Третьекурсникам, знакомым лишь с нормальной анатомией, патанатомия казалась скучной, сложной и бесполезной для дальнейшей практики.
— Александр Ильич, вот скажите откровенно, — начал дискуссию очередной студент из новой группы, — для чего мы изучаем патологическую анатомию? Конечно, если кто— то выберет данное направление как специализацию и будет заниматься этим всю жизнь, тогда патанатомия нужна как воздух и её придётся изучать заново во время интернатуры.

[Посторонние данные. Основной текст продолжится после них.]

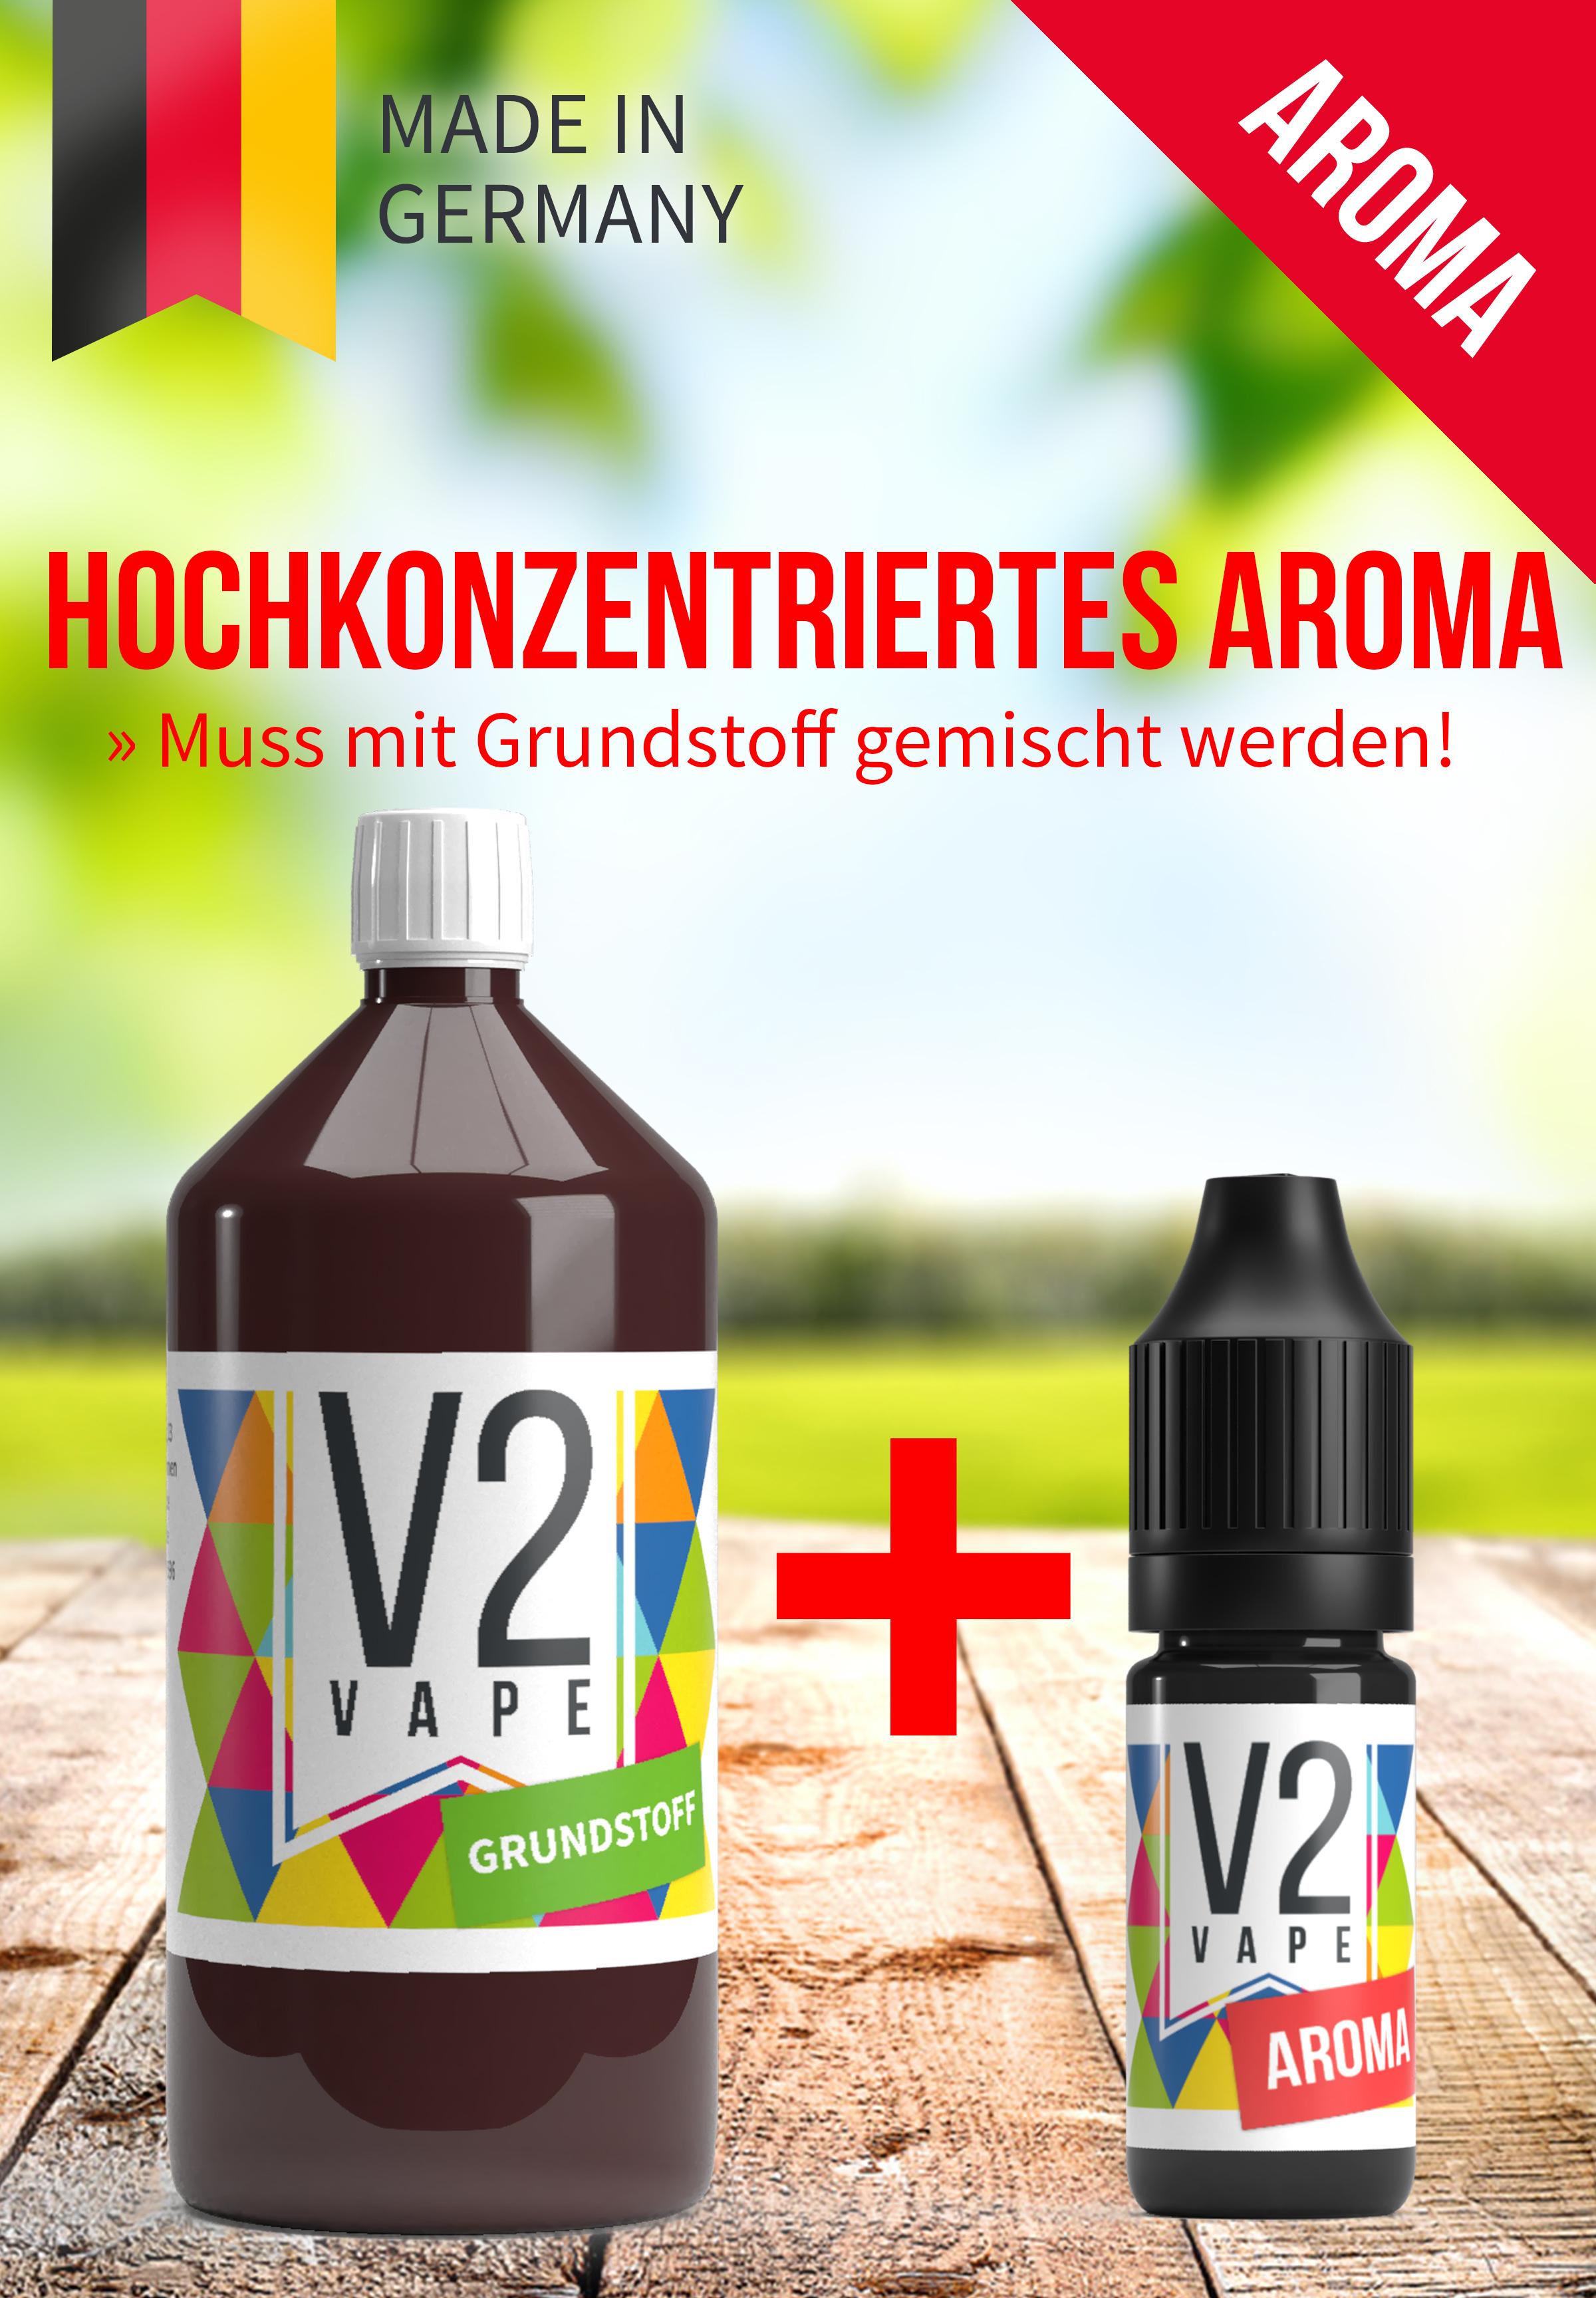 Konzentrat V2 Vape Drehtabak Halfzware Shag AROMA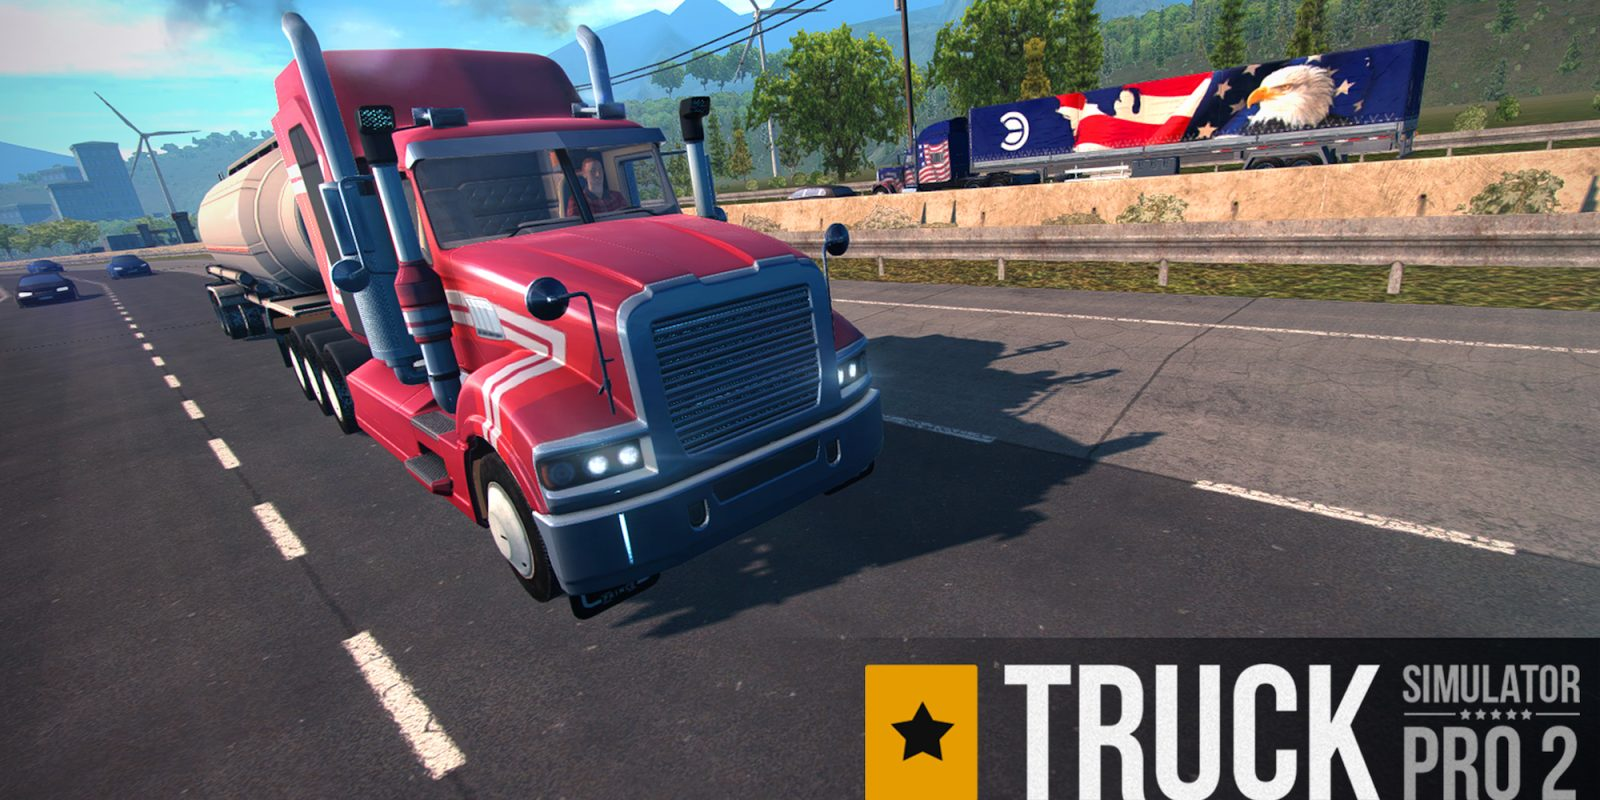 Today's Best iOS & Mac App Deals: Truck Simulator PRO 2, Last Voyage, more

Но если я буду клиницистом…
— Вы, Сергей, только что огласили одно из моих сомнений. Я считаю изучение патанатомии на третьем курсе несвоевременным. Вы хотите больше клиники, вам интересно посмотреть, что происходит с пациентом, какие у него симптомы, как он кашляет, какая у него отдышка, где болит и куда иррадиирует боль.
Слушавшие диалог студенты согласно закивали головами.
— Вы еще не накопили достаточно знаний, — продолжал Азин, — чтобы понять: любые внешние симптомы имеют в своей основе внутренние изменения, которые могут быть спровоцированы различными причинами. И лечение тоже напрямую зависит от того, чем конкретно вызвана клиника и куда произошедшие внутри изменения приведут, если процесс не остановить. Плохой врач лечит симптоматику. Нет, неверно, не нужно быть врачом вовсе, чтоб лечить симптомы: кашель — дай таблетку от кашля, боль — обезболивающее… Врач должен понимать, что симптоматическое лечение не поможет в устранении причины, а следовательно, не приведет и к выздоровлению.
Вам нужно выяснить, отчего больной кашляет: простуда у него, опухоль в бронхе, болезнь сердца, жидкость в легких — причин огромное множество и в каждом случае одно изменение может повлечь за собой цепь последующих, и из простого заболевания мы получим сложнейшую патологию с вовлечением многих органов и систем. А всё потому, что не разобрались в патогенезе — механизме зарождения и развития болезни.
Студенты, приготовившиеся было спорить и отстаивать свою правоту, сидели молча и внимали каждому слову Азина.
— Каждый год, начиная первую лекцию для новобранцев, таких, как вы, я терпеливо объясняю, почему патанатомия важна для клиницистов. Я буду считать свою задачу выполненной, если с сегодняшней лекции вы выйдете с убеждением, что в течение следующего года на моих занятиях получите солидную базу для вашей последующей клинической практики. Я постараюсь сделать наши встречи нескучными, но всё остальное зависит от вас. Я не требую посещать мои лекции: вы должны сами решить, как проще и эффективнее разобраться в сложном материале. Предупреждаю, патанатомия — серьёзный предмет и даётся только тем, кто серьёзно к нему относится.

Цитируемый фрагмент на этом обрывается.